Dataset records:
···

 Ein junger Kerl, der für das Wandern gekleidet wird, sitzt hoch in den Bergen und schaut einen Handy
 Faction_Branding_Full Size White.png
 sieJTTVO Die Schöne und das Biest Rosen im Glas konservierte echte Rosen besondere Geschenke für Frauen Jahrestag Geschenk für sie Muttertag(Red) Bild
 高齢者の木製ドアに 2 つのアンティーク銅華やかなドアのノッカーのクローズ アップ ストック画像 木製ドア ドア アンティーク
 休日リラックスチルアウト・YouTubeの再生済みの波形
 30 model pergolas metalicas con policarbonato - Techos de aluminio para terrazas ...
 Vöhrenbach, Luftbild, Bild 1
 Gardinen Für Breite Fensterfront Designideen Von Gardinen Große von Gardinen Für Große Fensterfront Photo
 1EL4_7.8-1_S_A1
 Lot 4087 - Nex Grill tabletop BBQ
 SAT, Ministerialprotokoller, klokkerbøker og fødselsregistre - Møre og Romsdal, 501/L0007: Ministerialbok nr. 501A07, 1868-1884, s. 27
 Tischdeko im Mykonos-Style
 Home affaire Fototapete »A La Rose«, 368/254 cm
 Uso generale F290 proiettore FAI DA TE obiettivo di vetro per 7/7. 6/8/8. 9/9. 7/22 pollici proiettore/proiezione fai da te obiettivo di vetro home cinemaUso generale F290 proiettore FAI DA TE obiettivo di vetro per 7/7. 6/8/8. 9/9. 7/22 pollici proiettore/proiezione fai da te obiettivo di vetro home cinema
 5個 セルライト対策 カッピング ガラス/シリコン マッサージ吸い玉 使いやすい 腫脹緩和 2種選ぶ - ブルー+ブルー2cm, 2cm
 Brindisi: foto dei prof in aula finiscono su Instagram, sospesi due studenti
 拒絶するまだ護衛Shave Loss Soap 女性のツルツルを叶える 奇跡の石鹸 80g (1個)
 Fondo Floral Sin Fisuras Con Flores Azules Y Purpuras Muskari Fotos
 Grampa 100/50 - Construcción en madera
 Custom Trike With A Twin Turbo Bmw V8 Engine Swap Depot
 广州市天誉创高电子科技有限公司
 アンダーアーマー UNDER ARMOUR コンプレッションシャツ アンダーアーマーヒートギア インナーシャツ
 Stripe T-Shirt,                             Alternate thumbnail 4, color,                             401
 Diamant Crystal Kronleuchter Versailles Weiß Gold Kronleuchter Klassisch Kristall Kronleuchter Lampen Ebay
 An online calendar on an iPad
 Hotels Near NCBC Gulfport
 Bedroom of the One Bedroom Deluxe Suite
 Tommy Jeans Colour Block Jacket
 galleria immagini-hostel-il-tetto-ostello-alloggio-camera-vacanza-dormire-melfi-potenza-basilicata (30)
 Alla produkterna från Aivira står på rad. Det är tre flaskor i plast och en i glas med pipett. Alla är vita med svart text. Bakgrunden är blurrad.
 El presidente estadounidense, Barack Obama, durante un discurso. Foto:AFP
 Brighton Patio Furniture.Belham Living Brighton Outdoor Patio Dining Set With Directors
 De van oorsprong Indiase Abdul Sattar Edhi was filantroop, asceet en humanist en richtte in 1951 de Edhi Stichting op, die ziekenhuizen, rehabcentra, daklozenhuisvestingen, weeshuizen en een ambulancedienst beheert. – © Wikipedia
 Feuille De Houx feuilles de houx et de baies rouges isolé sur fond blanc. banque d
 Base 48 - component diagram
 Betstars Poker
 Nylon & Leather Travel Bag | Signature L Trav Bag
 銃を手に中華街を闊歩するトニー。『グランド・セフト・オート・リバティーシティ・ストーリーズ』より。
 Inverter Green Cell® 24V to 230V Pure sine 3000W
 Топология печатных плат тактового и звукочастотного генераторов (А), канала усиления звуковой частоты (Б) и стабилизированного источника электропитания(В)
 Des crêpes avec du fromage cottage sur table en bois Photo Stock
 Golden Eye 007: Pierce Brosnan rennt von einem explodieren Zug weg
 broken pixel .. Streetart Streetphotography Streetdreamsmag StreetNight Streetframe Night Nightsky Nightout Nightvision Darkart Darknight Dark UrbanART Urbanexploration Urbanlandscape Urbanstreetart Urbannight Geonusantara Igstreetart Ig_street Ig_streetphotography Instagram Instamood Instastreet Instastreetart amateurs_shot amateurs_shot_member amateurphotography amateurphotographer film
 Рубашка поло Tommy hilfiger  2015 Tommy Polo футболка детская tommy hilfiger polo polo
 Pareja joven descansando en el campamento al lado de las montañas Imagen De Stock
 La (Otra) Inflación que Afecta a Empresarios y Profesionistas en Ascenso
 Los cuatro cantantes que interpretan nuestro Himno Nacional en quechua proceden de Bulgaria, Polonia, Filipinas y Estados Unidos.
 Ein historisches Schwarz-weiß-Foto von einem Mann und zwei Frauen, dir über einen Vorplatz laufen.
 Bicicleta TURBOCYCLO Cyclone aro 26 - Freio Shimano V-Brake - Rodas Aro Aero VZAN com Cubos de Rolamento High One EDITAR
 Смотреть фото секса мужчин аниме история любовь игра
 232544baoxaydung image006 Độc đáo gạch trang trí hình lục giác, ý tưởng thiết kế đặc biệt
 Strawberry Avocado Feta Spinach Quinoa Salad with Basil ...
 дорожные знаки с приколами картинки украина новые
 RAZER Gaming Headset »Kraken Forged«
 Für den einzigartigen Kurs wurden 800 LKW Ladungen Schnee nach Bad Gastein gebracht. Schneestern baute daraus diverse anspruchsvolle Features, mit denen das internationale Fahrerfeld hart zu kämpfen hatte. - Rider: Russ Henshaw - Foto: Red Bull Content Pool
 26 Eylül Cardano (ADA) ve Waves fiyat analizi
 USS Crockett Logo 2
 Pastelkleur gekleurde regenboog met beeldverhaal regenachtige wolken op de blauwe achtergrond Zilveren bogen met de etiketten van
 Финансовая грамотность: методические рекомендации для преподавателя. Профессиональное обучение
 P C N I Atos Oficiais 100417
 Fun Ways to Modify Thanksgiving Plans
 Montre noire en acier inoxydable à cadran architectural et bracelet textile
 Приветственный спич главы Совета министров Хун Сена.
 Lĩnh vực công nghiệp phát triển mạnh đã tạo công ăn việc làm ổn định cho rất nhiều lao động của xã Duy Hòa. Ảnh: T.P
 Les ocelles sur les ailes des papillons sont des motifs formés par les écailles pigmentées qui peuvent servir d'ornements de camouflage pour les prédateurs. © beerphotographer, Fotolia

···

Task requirements:
What is needed is each line of the data, printed exactly.

Your response:
 Ein junger Kerl, der für das Wandern gekleidet wird, sitzt hoch in den Bergen und schaut einen Handy
 Faction_Branding_Full Size White.png
 sieJTTVO Die Schöne und das Biest Rosen im Glas konservierte echte Rosen besondere Geschenke für Frauen Jahrestag Geschenk für sie Muttertag(Red) Bild
 高齢者の木製ドアに 2 つのアンティーク銅華やかなドアのノッカーのクローズ アップ ストック画像 木製ドア ドア アンティーク
 休日リラックスチルアウト・YouTubeの再生済みの波形
 30 model pergolas metalicas con policarbonato - Techos de aluminio para terrazas ...
 Vöhrenbach, Luftbild, Bild 1
 Gardinen Für Breite Fensterfront Designideen Von Gardinen Große von Gardinen Für Große Fensterfront Photo
 1EL4_7.8-1_S_A1
 Lot 4087 - Nex Grill tabletop BBQ
 SAT, Ministerialprotokoller, klokkerbøker og fødselsregistre - Møre og Romsdal, 501/L0007: Ministerialbok nr. 501A07, 1868-1884, s. 27
 Tischdeko im Mykonos-Style
 Home affaire Fototapete »A La Rose«, 368/254 cm
 Uso generale F290 proiettore FAI DA TE obiettivo di vetro per 7/7. 6/8/8. 9/9. 7/22 pollici proiettore/proiezione fai da te obiettivo di vetro home cinemaUso generale F290 proiettore FAI DA TE obiettivo di vetro per 7/7. 6/8/8. 9/9. 7/22 pollici proiettore/proiezione fai da te obiettivo di vetro home cinema
 5個 セルライト対策 カッピング ガラス/シリコン マッサージ吸い玉 使いやすい 腫脹緩和 2種選ぶ - ブルー+ブルー2cm, 2cm
 Brindisi: foto dei prof in aula finiscono su Instagram, sospesi due studenti
 拒絶するまだ護衛Shave Loss Soap 女性のツルツルを叶える 奇跡の石鹸 80g (1個)
 Fondo Floral Sin Fisuras Con Flores Azules Y Purpuras Muskari Fotos
 Grampa 100/50 - Construcción en madera
 Custom Trike With A Twin Turbo Bmw V8 Engine Swap Depot
 广州市天誉创高电子科技有限公司
 アンダーアーマー UNDER ARMOUR コンプレッションシャツ アンダーアーマーヒートギア インナーシャツ
 Stripe T-Shirt,                             Alternate thumbnail 4, color,                             401
 Diamant Crystal Kronleuchter Versailles Weiß Gold Kronleuchter Klassisch Kristall Kronleuchter Lampen Ebay
 An online calendar on an iPad
 Hotels Near NCBC Gulfport
 Bedroom of the One Bedroom Deluxe Suite
 Tommy Jeans Colour Block Jacket
 galleria immagini-hostel-il-tetto-ostello-alloggio-camera-vacanza-dormire-melfi-potenza-basilicata (30)
 Alla produkterna från Aivira står på rad. Det är tre flaskor i plast och en i glas med pipett. Alla är vita med svart text. Bakgrunden är blurrad.
 El presidente estadounidense, Barack Obama, durante un discurso. Foto:AFP
 Brighton Patio Furniture.Belham Living Brighton Outdoor Patio Dining Set With Directors
 De van oorsprong Indiase Abdul Sattar Edhi was filantroop, asceet en humanist en richtte in 1951 de Edhi Stichting op, die ziekenhuizen, rehabcentra, daklozenhuisvestingen, weeshuizen en een ambulancedienst beheert. – © Wikipedia
 Feuille De Houx feuilles de houx et de baies rouges isolé sur fond blanc. banque d
 Base 48 - component diagram
 Betstars Poker
 Nylon & Leather Travel Bag | Signature L Trav Bag
 銃を手に中華街を闊歩するトニー。『グランド・セフト・オート・リバティーシティ・ストーリーズ』より。
 Inverter Green Cell® 24V to 230V Pure sine 3000W
 Топология печатных плат тактового и звукочастотного генераторов (А), канала усиления звуковой частоты (Б) и стабилизированного источника электропитания(В)
 Des crêpes avec du fromage cottage sur table en bois Photo Stock
 Golden Eye 007: Pierce Brosnan rennt von einem explodieren Zug weg
 broken pixel .. Streetart Streetphotography Streetdreamsmag StreetNight Streetframe Night Nightsky Nightout Nightvision Darkart Darknight Dark UrbanART Urbanexploration Urbanlandscape Urbanstreetart Urbannight Geonusantara Igstreetart Ig_street Ig_streetphotography Instagram Instamood Instastreet Instastreetart amateurs_shot amateurs_shot_member amateurphotography amateurphotographer film
 Рубашка поло Tommy hilfiger  2015 Tommy Polo футболка детская tommy hilfiger polo polo
 Pareja joven descansando en el campamento al lado de las montañas Imagen De Stock
 La (Otra) Inflación que Afecta a Empresarios y Profesionistas en Ascenso
 Los cuatro cantantes que interpretan nuestro Himno Nacional en quechua proceden de Bulgaria, Polonia, Filipinas y Estados Unidos.
 Ein historisches Schwarz-weiß-Foto von einem Mann und zwei Frauen, dir über einen Vorplatz laufen.
 Bicicleta TURBOCYCLO Cyclone aro 26 - Freio Shimano V-Brake - Rodas Aro Aero VZAN com Cubos de Rolamento High One EDITAR
 Смотреть фото секса мужчин аниме история любовь игра
 232544baoxaydung image006 Độc đáo gạch trang trí hình lục giác, ý tưởng thiết kế đặc biệt
 Strawberry Avocado Feta Spinach Quinoa Salad with Basil ...
 дорожные знаки с приколами картинки украина новые
 RAZER Gaming Headset »Kraken Forged«
 Für den einzigartigen Kurs wurden 800 LKW Ladungen Schnee nach Bad Gastein gebracht. Schneestern baute daraus diverse anspruchsvolle Features, mit denen das internationale Fahrerfeld hart zu kämpfen hatte. - Rider: Russ Henshaw - Foto: Red Bull Content Pool
 26 Eylül Cardano (ADA) ve Waves fiyat analizi
 USS Crockett Logo 2
 Pastelkleur gekleurde regenboog met beeldverhaal regenachtige wolken op de blauwe achtergrond Zilveren bogen met de etiketten van
 Финансовая грамотность: методические рекомендации для преподавателя. Профессиональное обучение
 P C N I Atos Oficiais 100417
 Fun Ways to Modify Thanksgiving Plans
 Montre noire en acier inoxydable à cadran architectural et bracelet textile
 Приветственный спич главы Совета министров Хун Сена.
 Lĩnh vực công nghiệp phát triển mạnh đã tạo công ăn việc làm ổn định cho rất nhiều lao động của xã Duy Hòa. Ảnh: T.P
 Les ocelles sur les ailes des papillons sont des motifs formés par les écailles pigmentées qui peuvent servir d'ornements de camouflage pour les prédateurs. © beerphotographer, Fotolia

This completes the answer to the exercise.